The term has even been used by the likes of Richard Spencer, an American neo-Nazi and president of the National Policy Institute. In addition to discrediting those news channels that criticise him or his allies, Trump has promoted a steady stream of news outlets that he believes are supportive of him, such as One America News Network (OANN). For Trump and other populists, the idea has been to discourage the exposure of potential supporters to criticism of Trumpism.
While lying is not a partisan notion, in the current post-truth age the rise of right-wing populism has brought with it a tide of deceptive influence campaigns.
The Washington Post revealed that President Donald Trump had made approximately 22,000 false or misleading claims by the middle of 2020.Discrediting the press results from the existence a pluralistic media system, and thus is indicative of a desire to undo that pluralism in favour of a more monistic and authoritarian approach.
Although figures such as Donald Trump might have pathological characteristics that encourage their tendency to govern through deception, the emergence of what has been described as “truth decay” has been partly spurred on by a loosely regulated digital environment.
Without established safeguards and gatekeepers setting the agenda through vertically organised media platforms as well as the deterioration of sovereign boundaries that separate national news from the international information ecosystem, disinformation has become detached from its parochial context.
A tweet sent by someone in Hong Kong can be read instantly by someone in Argentina.
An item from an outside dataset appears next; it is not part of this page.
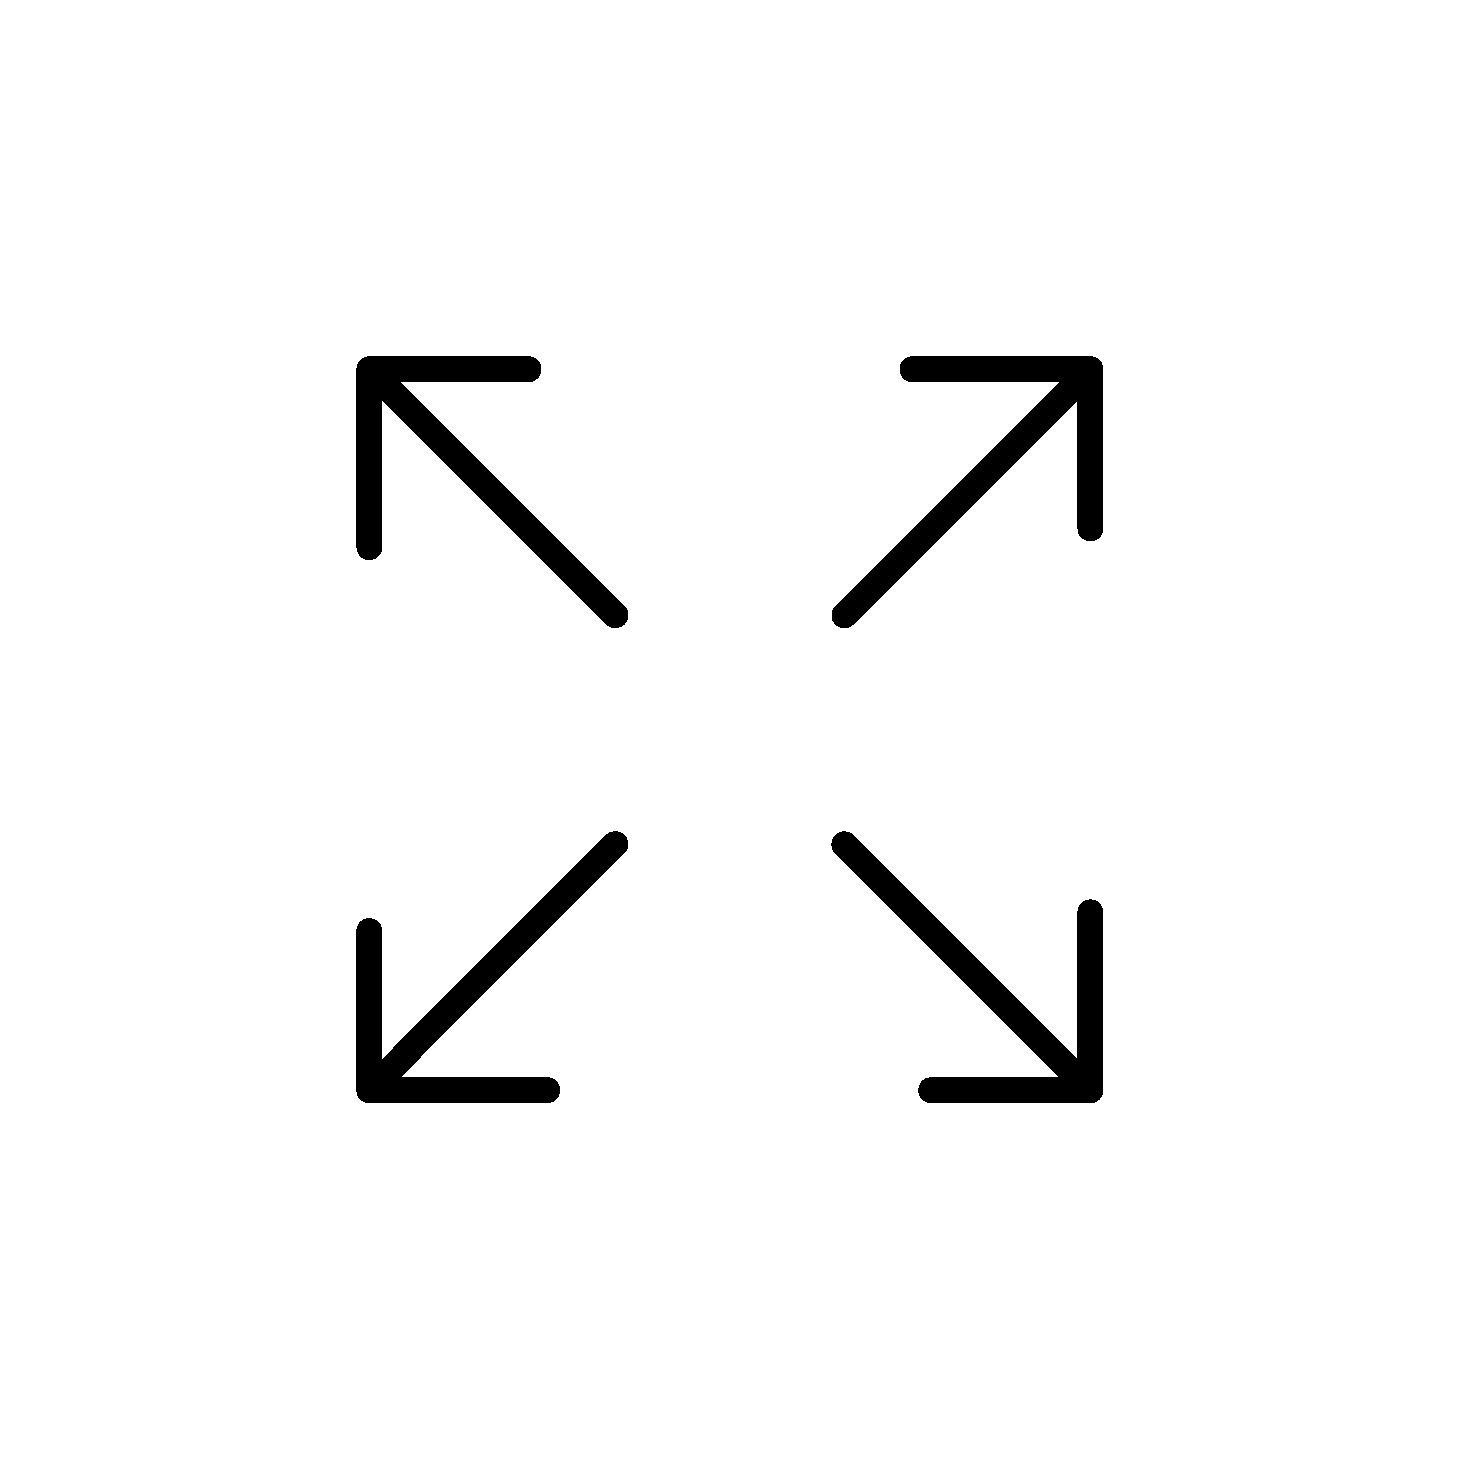 Icon-Tertiary-Expand-Black

Regardless of whether you agree with a message or not, the swift and immediate transmission of messages, however erroneous or truthful, has become accessible to the multitudes.
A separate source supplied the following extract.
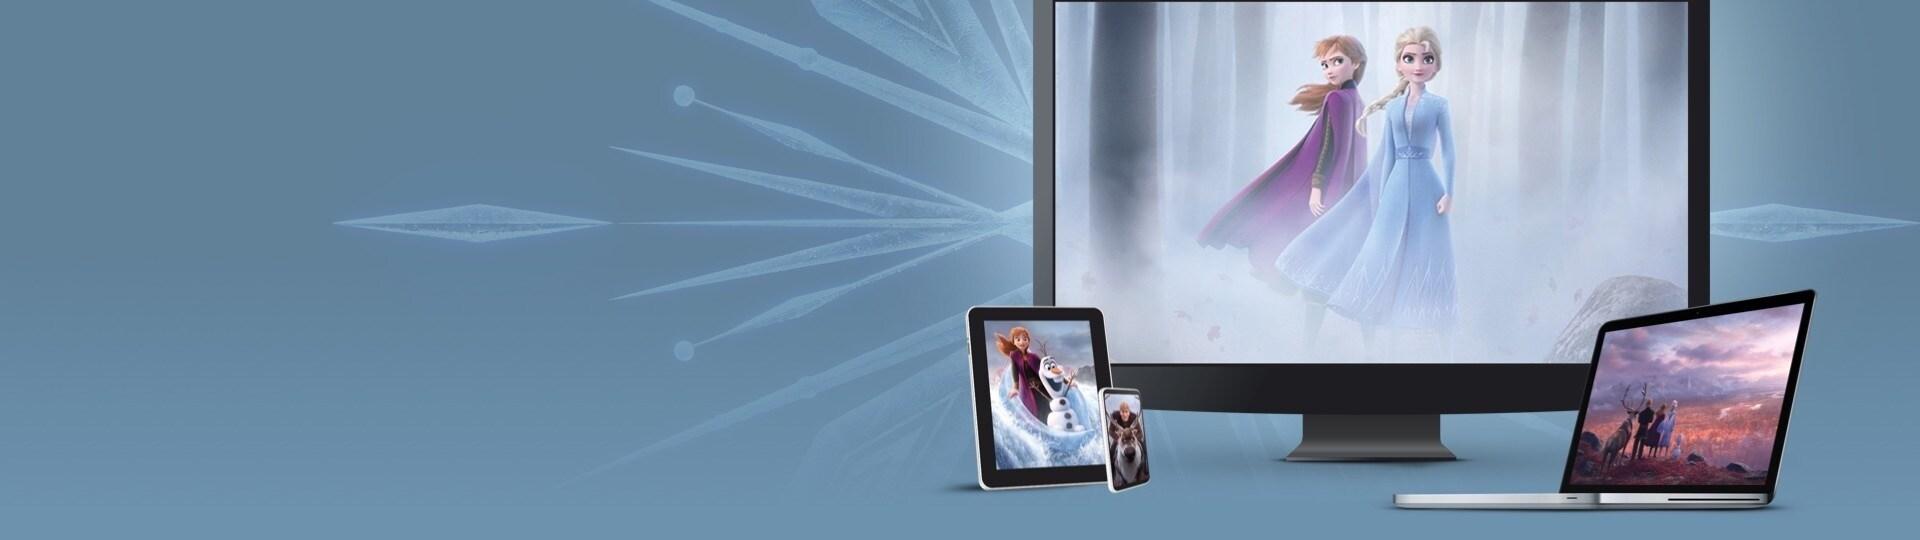 Frozen 2: Il segreto di Arendelle in download digitale

This is not to advocate for vertically owned media structures that maximise the control of certain gatekeepers. Naturally, the benefits of challenging traditional media monopolies should be clear by this point. Globalisation, satellite TV and now the internet have challenged the ability of dictators and democracies to control their own domestic ecosystems. Whether we like it or not, technological change has resulted, to some extent, in a regional and global pluralism.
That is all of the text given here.